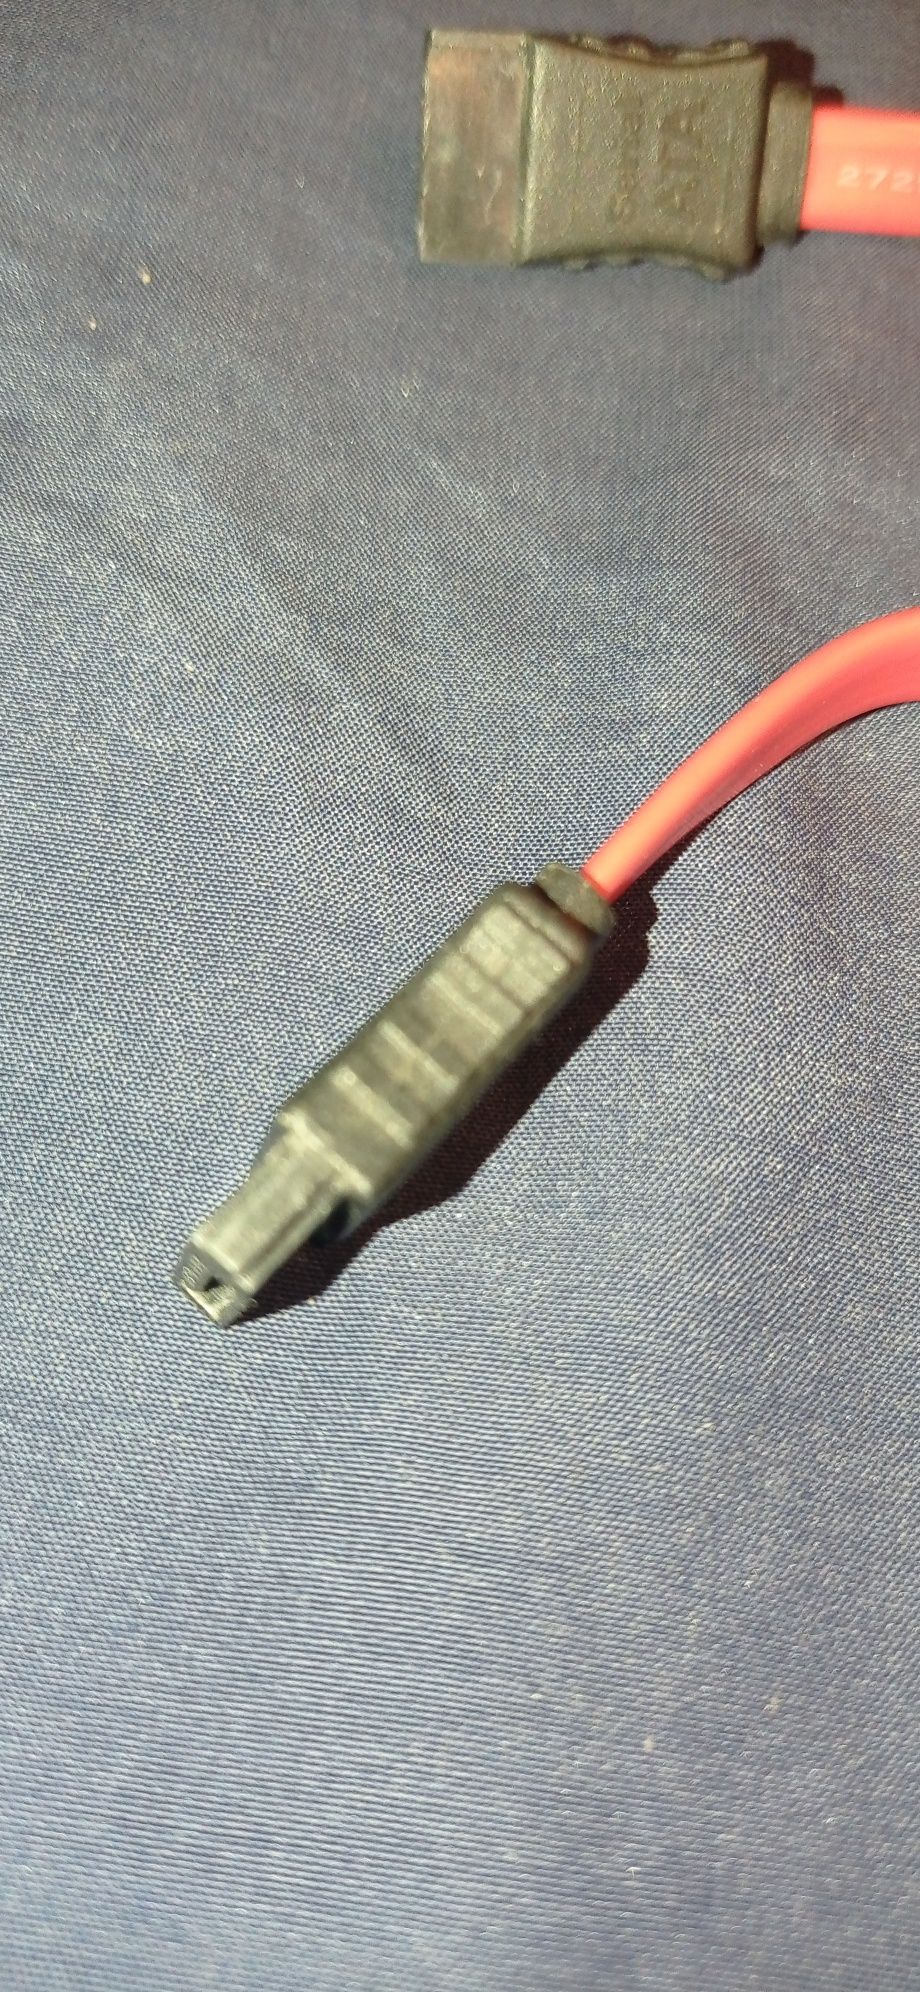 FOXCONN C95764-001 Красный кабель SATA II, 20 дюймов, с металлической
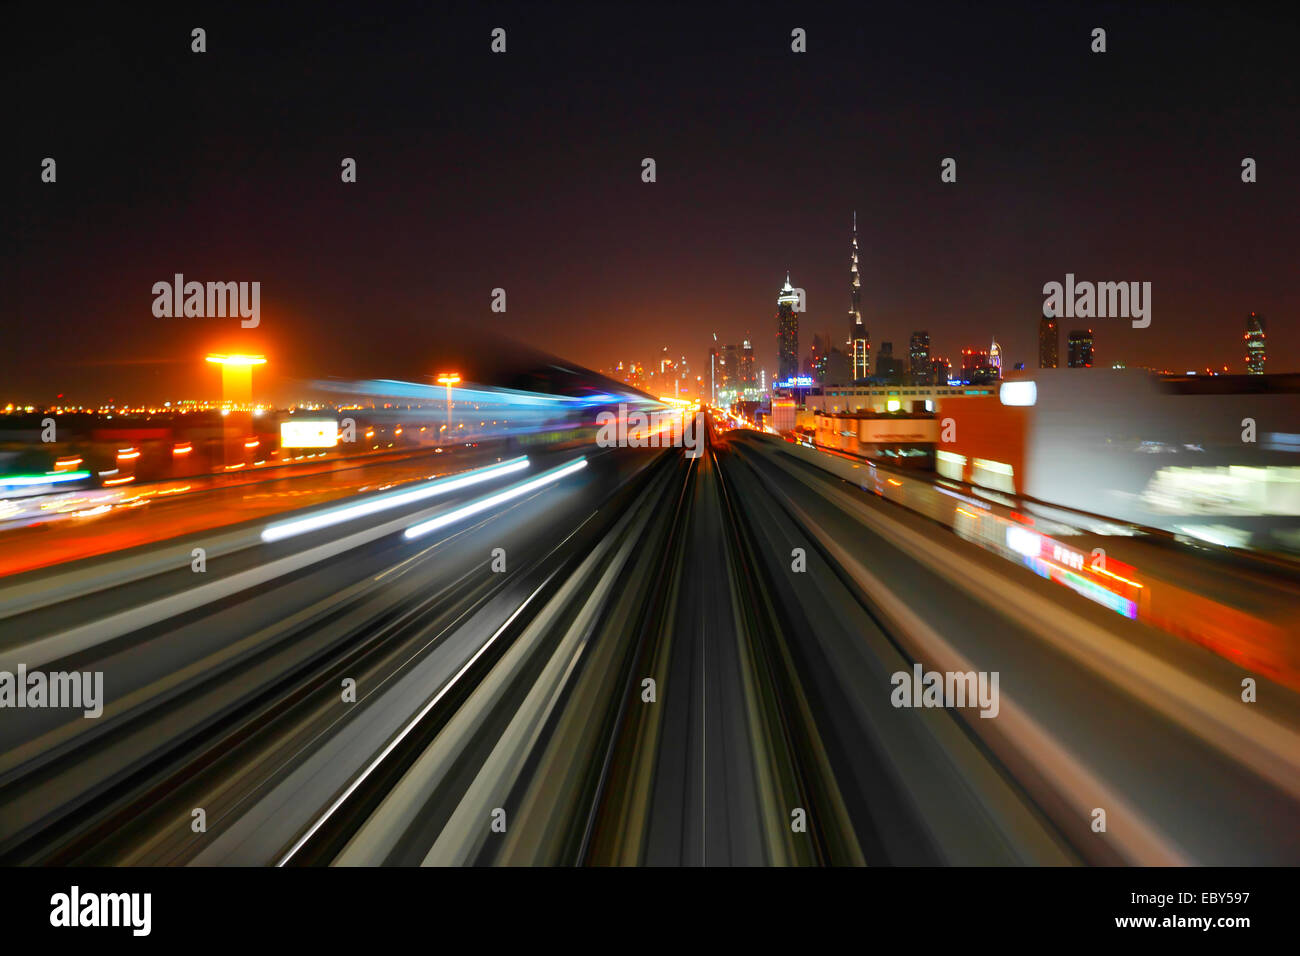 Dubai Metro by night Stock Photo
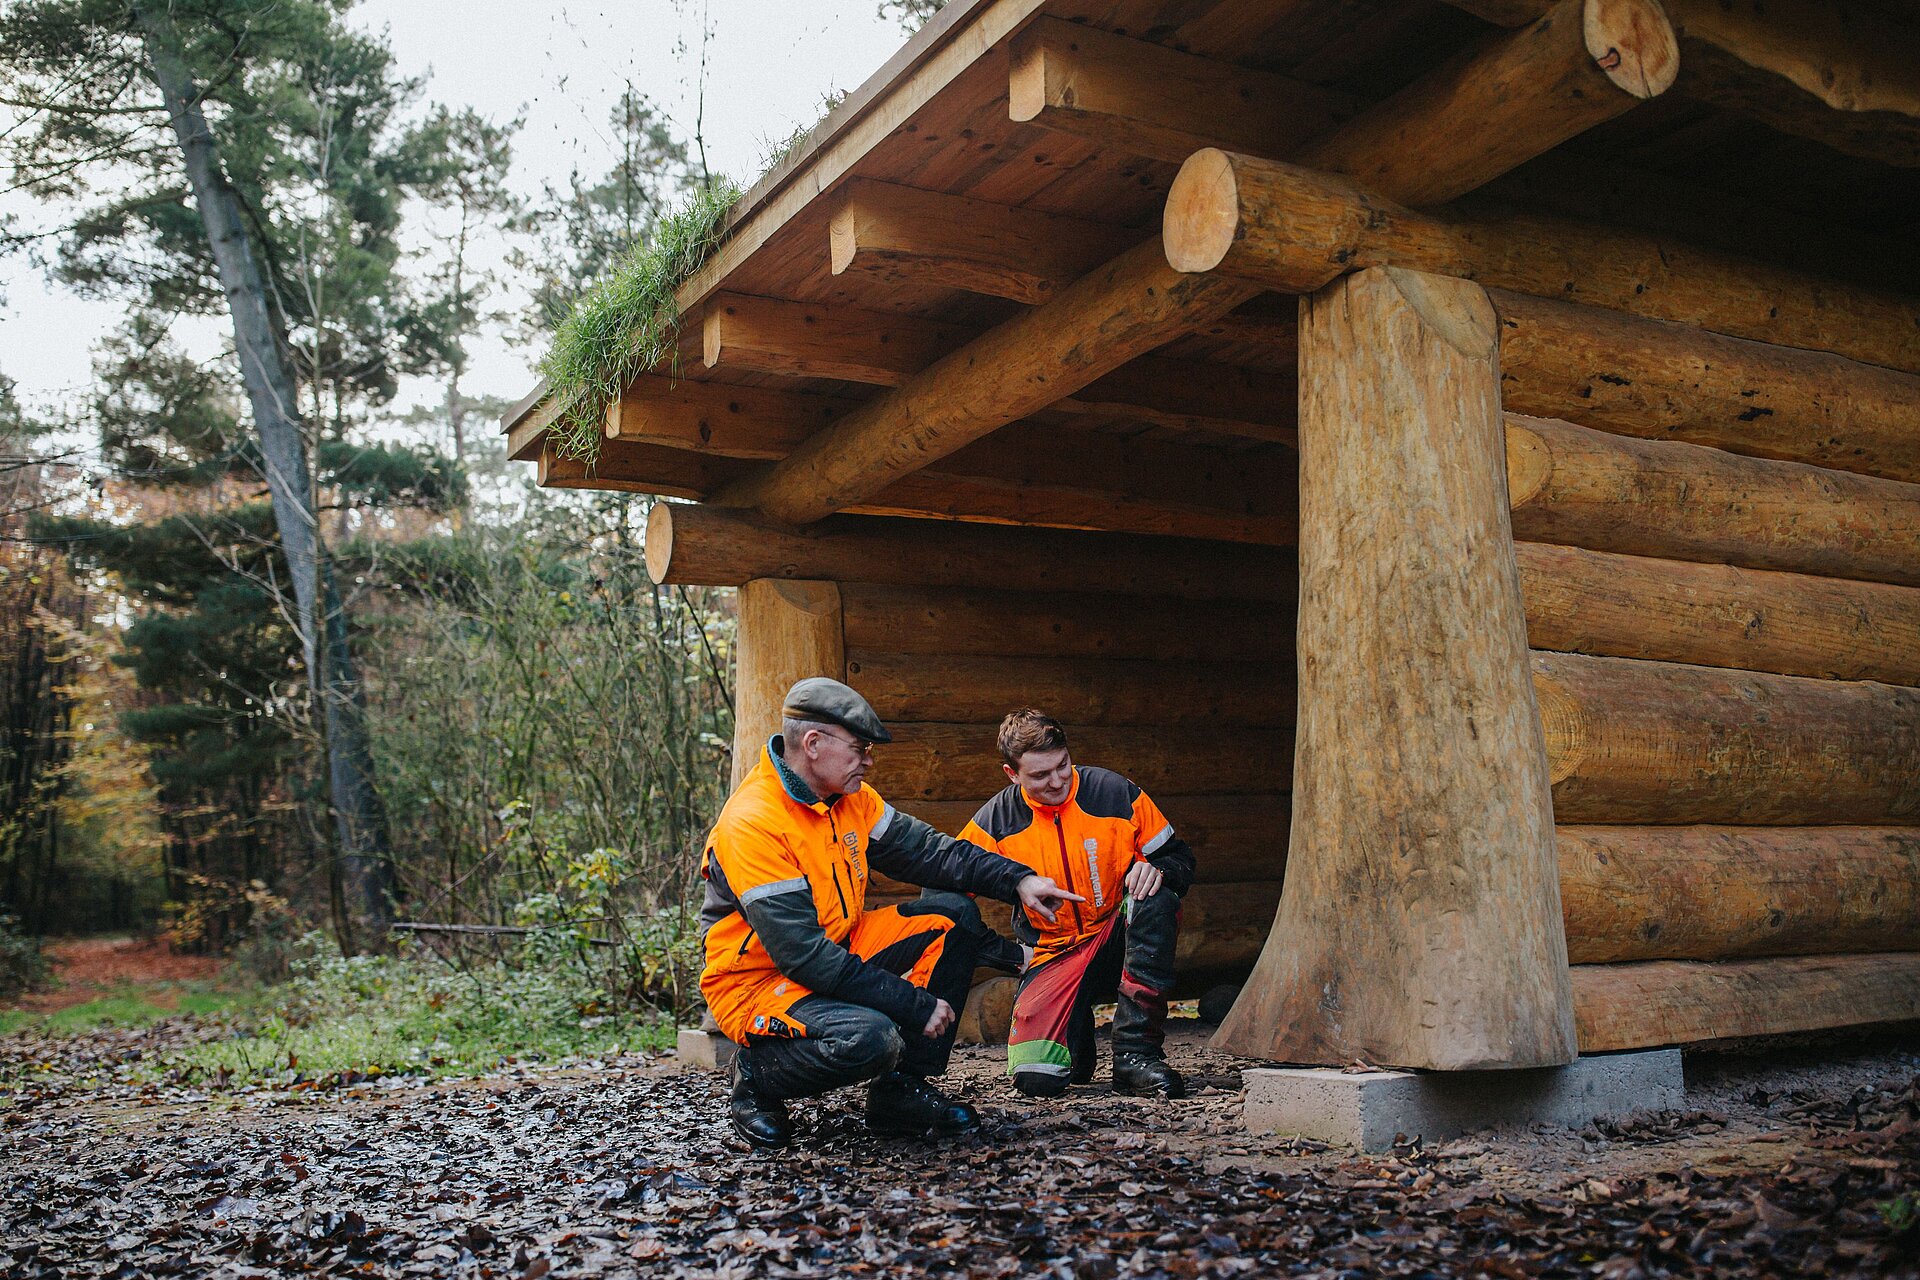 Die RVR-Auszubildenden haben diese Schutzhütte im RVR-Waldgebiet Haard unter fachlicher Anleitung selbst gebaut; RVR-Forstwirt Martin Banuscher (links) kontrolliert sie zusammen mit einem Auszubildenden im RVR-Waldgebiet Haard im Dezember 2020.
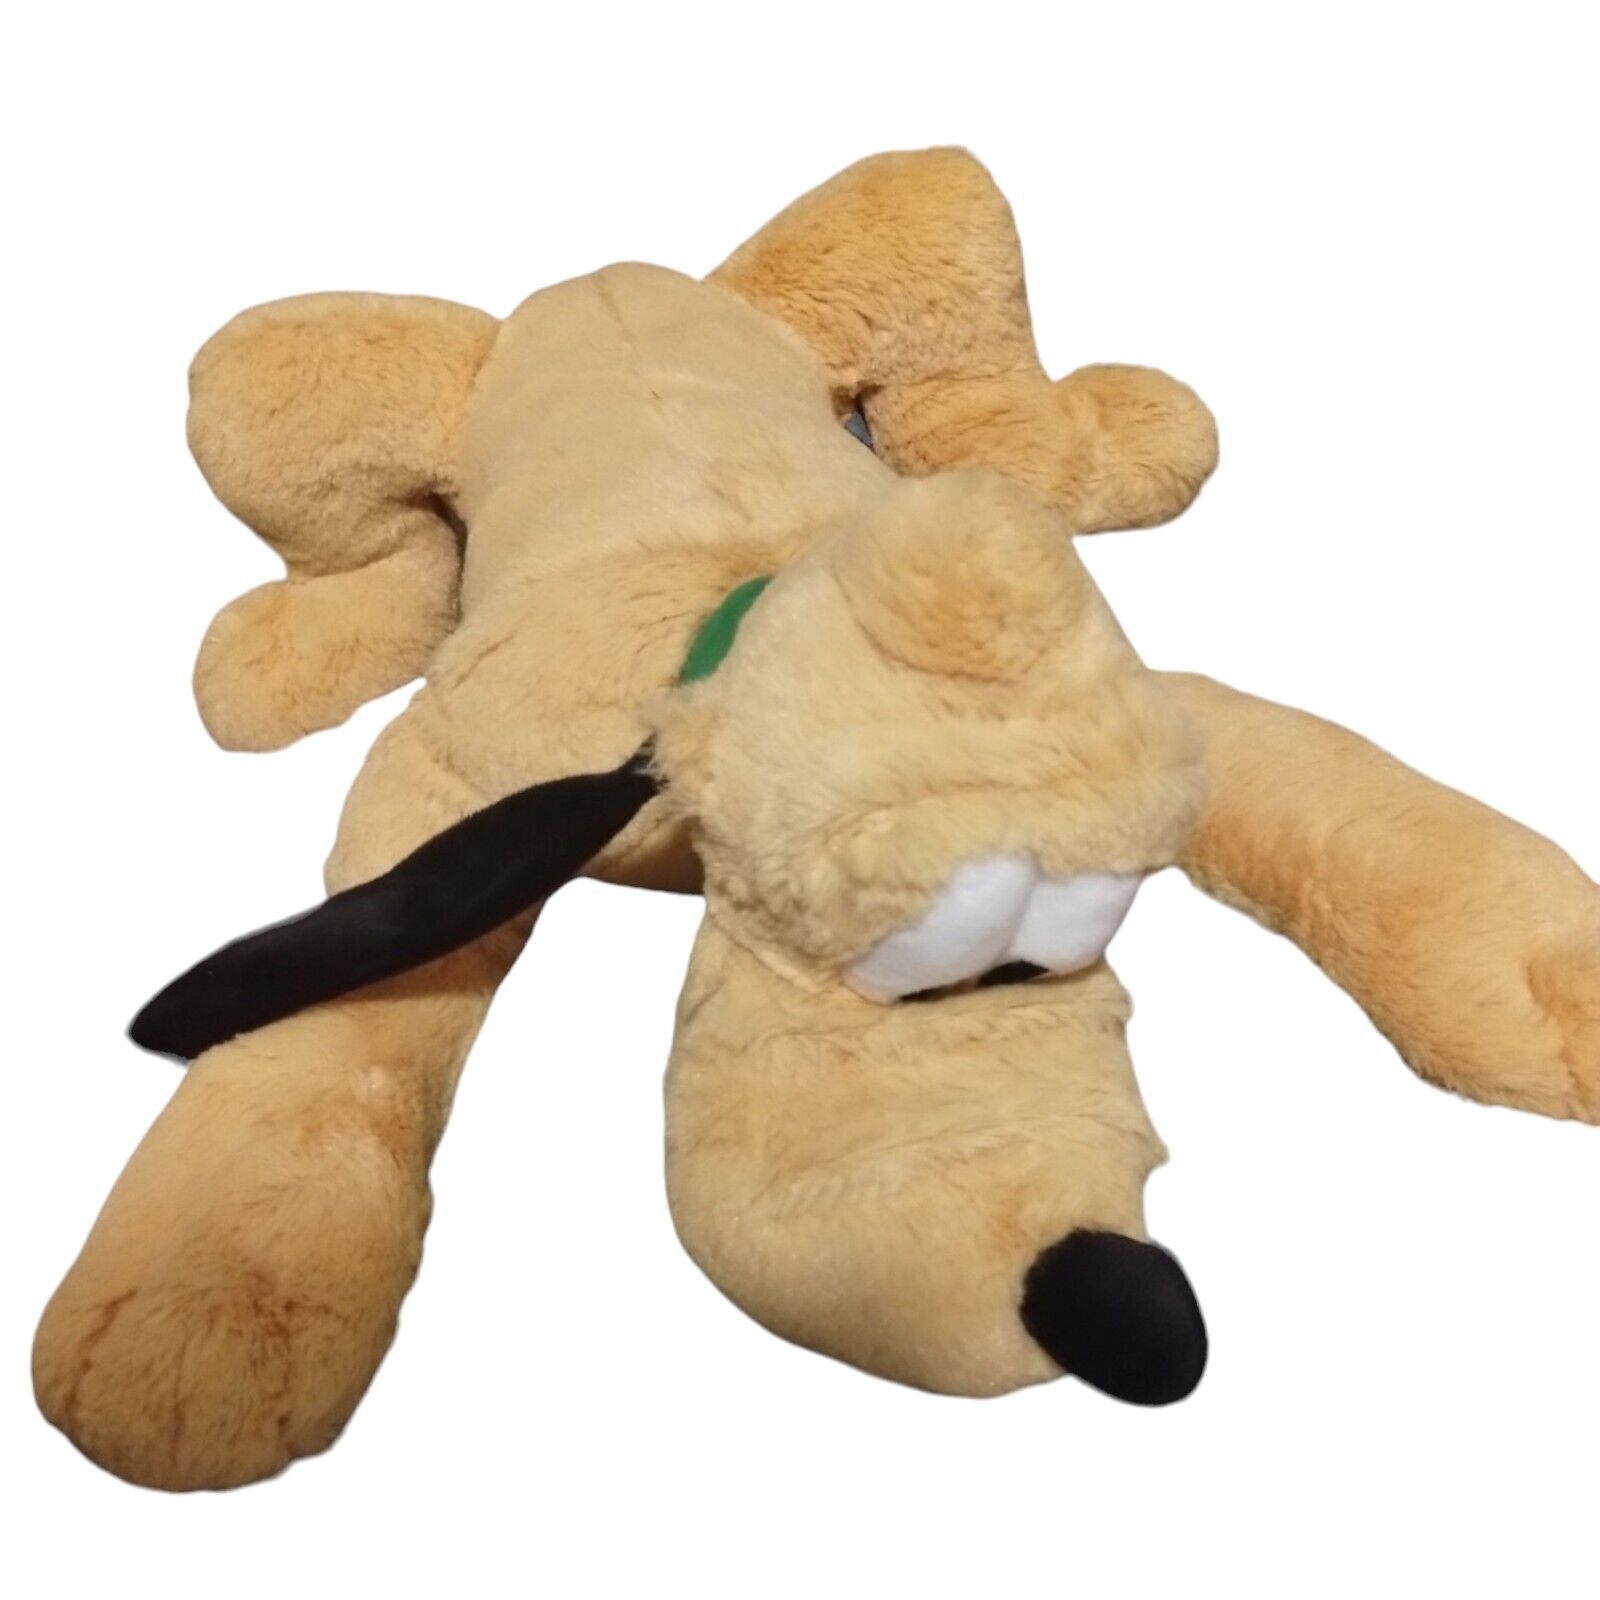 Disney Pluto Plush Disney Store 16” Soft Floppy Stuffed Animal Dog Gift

- _Description of the task_
Please print the data above once more, exactly and without images.

- _Exercise answer_
 FOXCONN C95764-001 Красный кабель SATA II, 20 дюймов, с металлической
 Dubai Metro by night Stock Photo
 Die RVR-Auszubildenden haben diese Schutzhütte im RVR-Waldgebiet Haard unter fachlicher Anleitung selbst gebaut; RVR-Forstwirt Martin Banuscher (links) kontrolliert sie zusammen mit einem Auszubildenden im RVR-Waldgebiet Haard im Dezember 2020.
 Disney Pluto Plush Disney Store 16” Soft Floppy Stuffed Animal Dog Gift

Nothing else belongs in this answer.